I still maintain that the van ride from Madi’s house to Nashville was one of, if not the most awkward experiences of my entire life. I’m not sure if Suzie genuinely enjoyed talking to my parents so much that she didn’t notice I wasn’t talking or if she was just covering up the silence, but either way I didn’t say a word. My body was as stiff as cardboard as I tried to keep my facial expressions as neutral as possible.
“So Suzie, where are your parents from?” Dad asked. At least he had the courtesy to help me out even if it was painfully shallow conversation.
“Well they’re….” I tuned her out before the words ever left her lips.
I silently wondered what my friends were up to. They were probably listening to crazy dance music while being loud and obnoxious. I imagined they were all experiencing one of those wonderful moments where teenagers feel both completely young and completely mature simultaneously.
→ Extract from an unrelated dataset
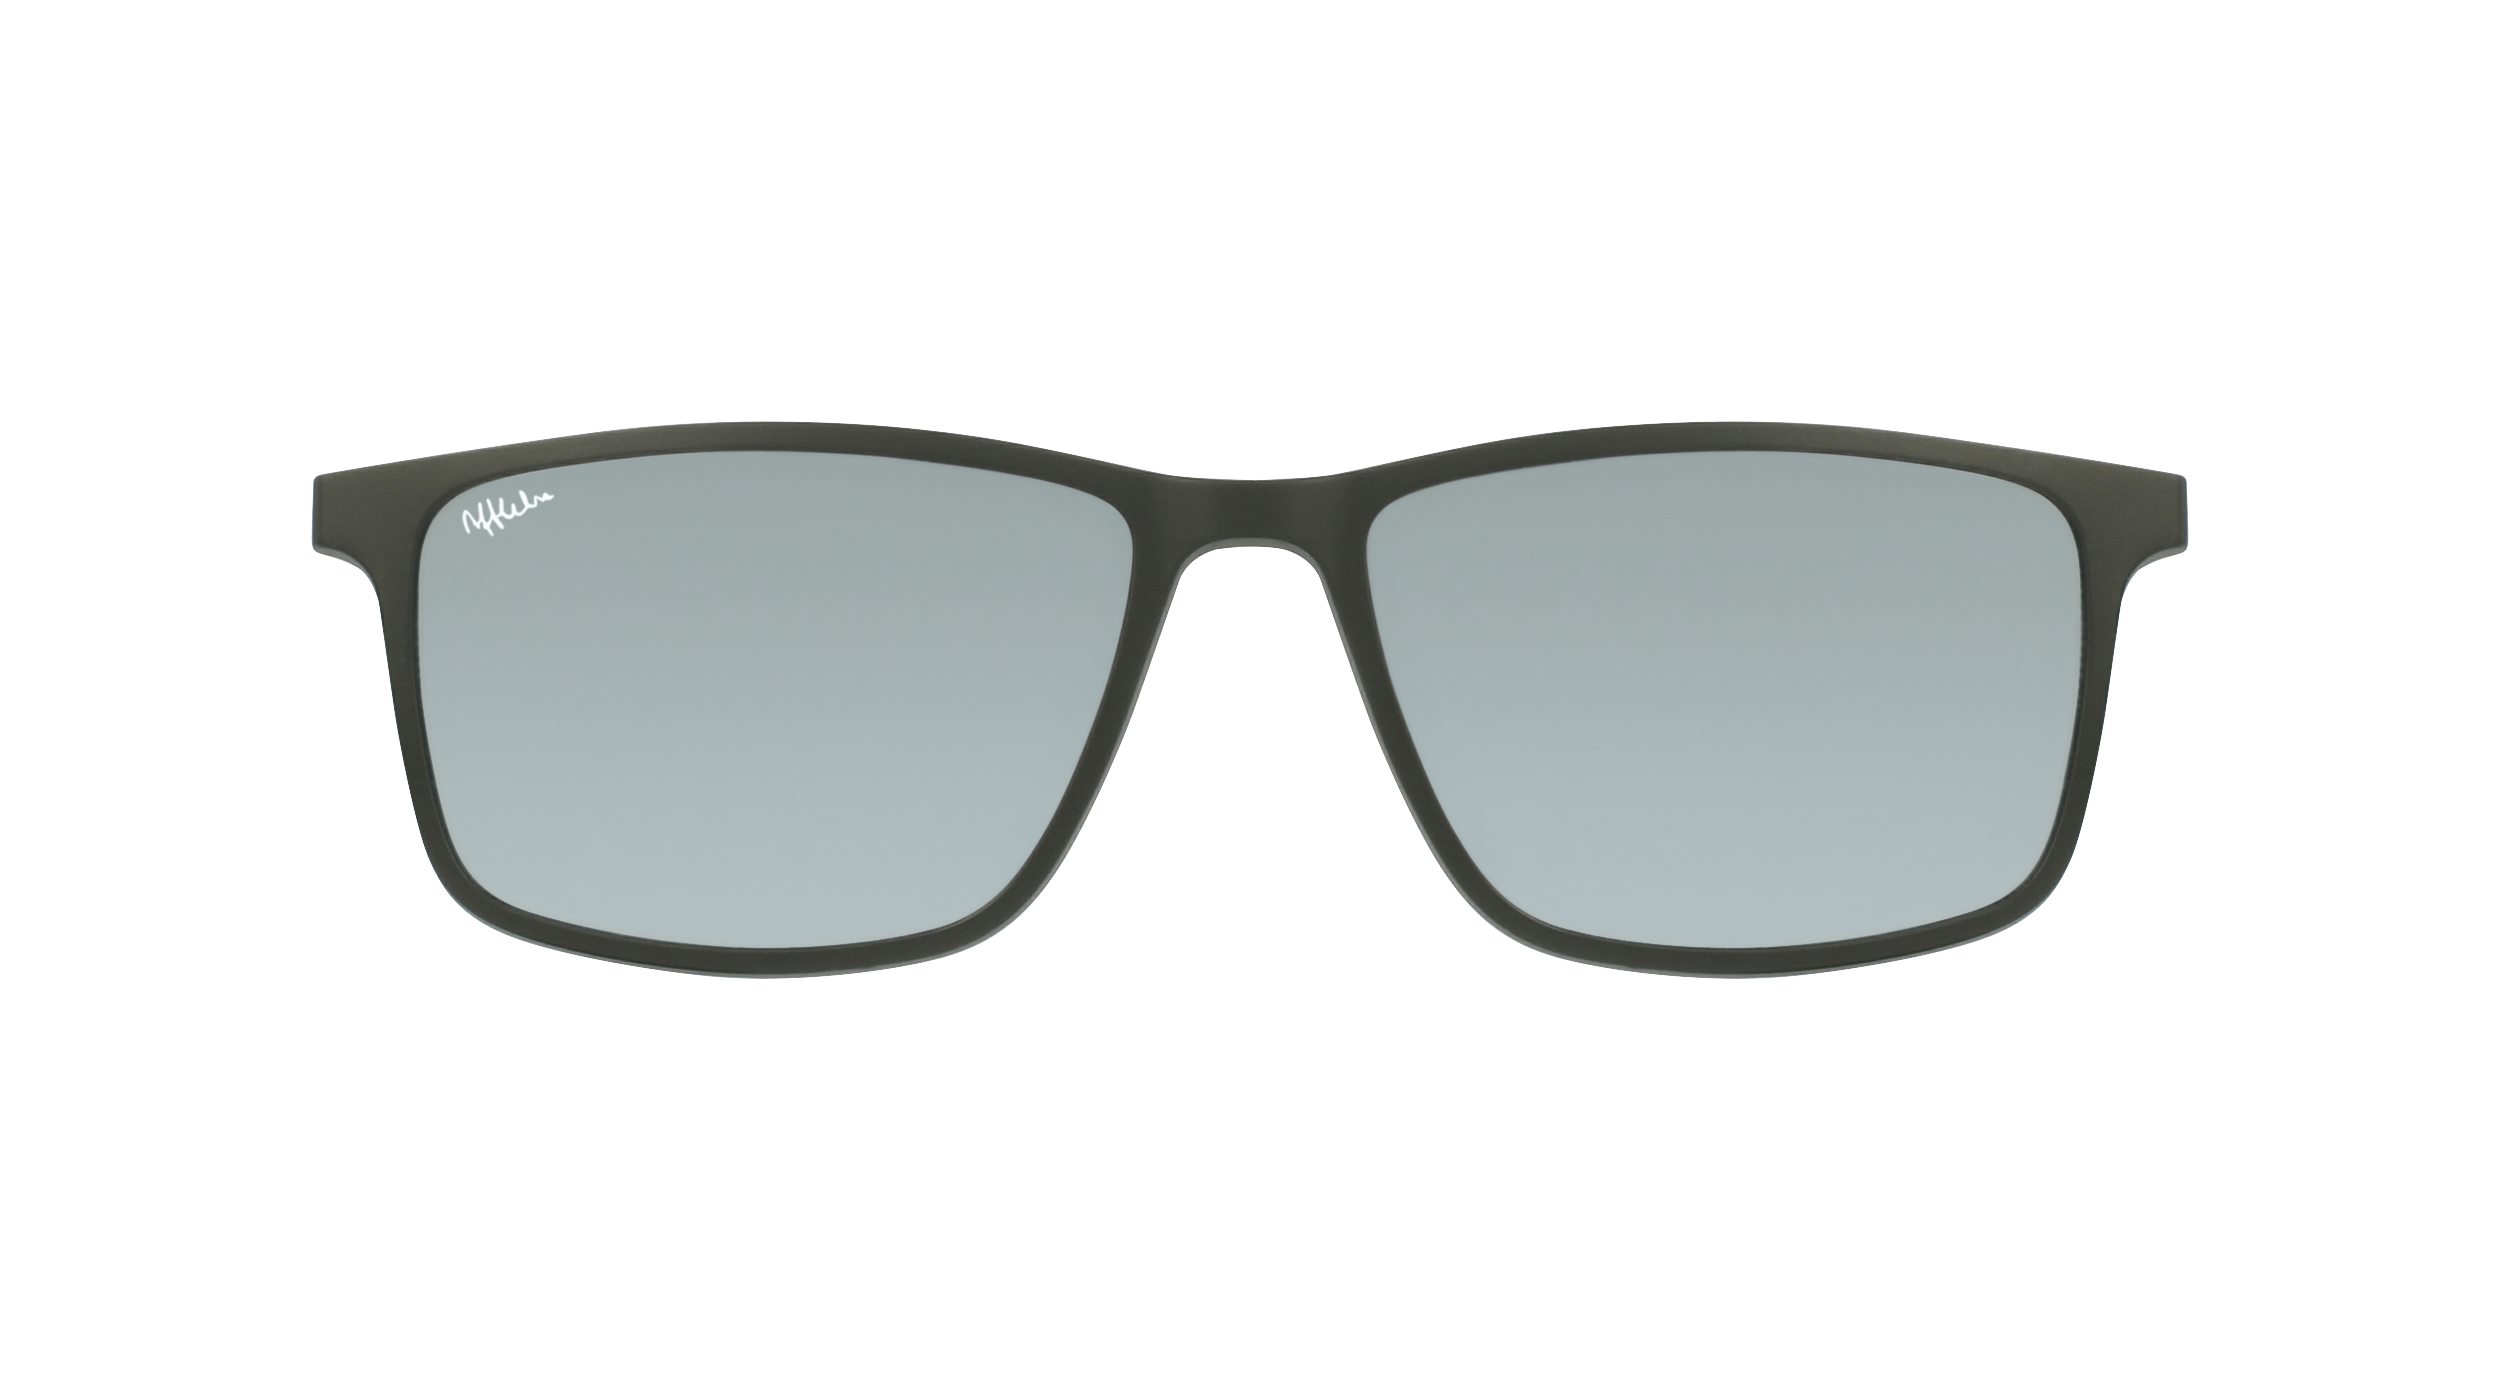 afflelou/france/products/smart_clip/clips_glasses/07630036457108.png

Like toddlers in playhouses they were indulging in the fantasies of adulthood without actually experiencing any of the drawbacks. I however, was stuck in a minivan staring at the backs of my parents’ heads. I had plenty of reminders that the tuxedo, the nice dinner, and the formalities were all an act. If they were toddlers in playhouses, I was the kid who got a tickle-me-Elmo for his thirteenth birthday.
Dinner was more of the same. The only difference was that now I had friends to distract me from the reality of my situation. I spent most of the meal talking to those around me and was only reminded of my date’s presence when she was directly referenced in their conversation. However the joy of the group did grow on me throughout the meal and at one point Suzie and I did actually begin to join in with the laughter of the crowd. By the end of the meal I was at least finding small victories. I thought back on how my dad had told me to make the best of the situation. I knew he’d be proud.
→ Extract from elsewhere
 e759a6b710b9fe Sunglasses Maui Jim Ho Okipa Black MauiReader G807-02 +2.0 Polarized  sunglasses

But just when I allowed myself to think about the rest of the night as something I might potentially enjoy, dinner ended and I was reminded of the fact that I had to call my parents to get them to come pick us up and take us to the Opryland Hotel. My friends all drove off in the nice cars their parents had let them borrow. Suzie and I stood on the curb. She was in a pink floor length dress and I sported the pink vest that had looked much better in the catalogue. I felt like a joke.
Part V: Strangers
It took all of five minutes for us to separate after we arrived at the actual dance part of the evening. I think I tracked her down once or twice to see how she was doing. By the end of the night we were strangers. She didn’t even go to the after party I’d paid $40 for. I wasn’t angry. In fact, I ended up thoroughly enjoying myself, which had more to do with the fact that the Opryland hotel is my favorite place on earth than my ability to overcome the adversity of my date. Luckily we’d made plans before the evening started for her to leave with her friends and for me to stay with mine and so everything worked out. We walked in awkward and walked out apathetic.
The next day I got a phone call saying she was glad I took her to prom. I imagined her mom sitting in the kitchen watching her make the call. She probably told her it was the right thing to do. That was the last time we ever talked. There are some lessons that have to be learned the hard way. There are also some stories that are so unbelievably funny that it’s impossible to regret the events that transpired. As for this endeavour, my only regret is that I didn’t thank my parents for the ride.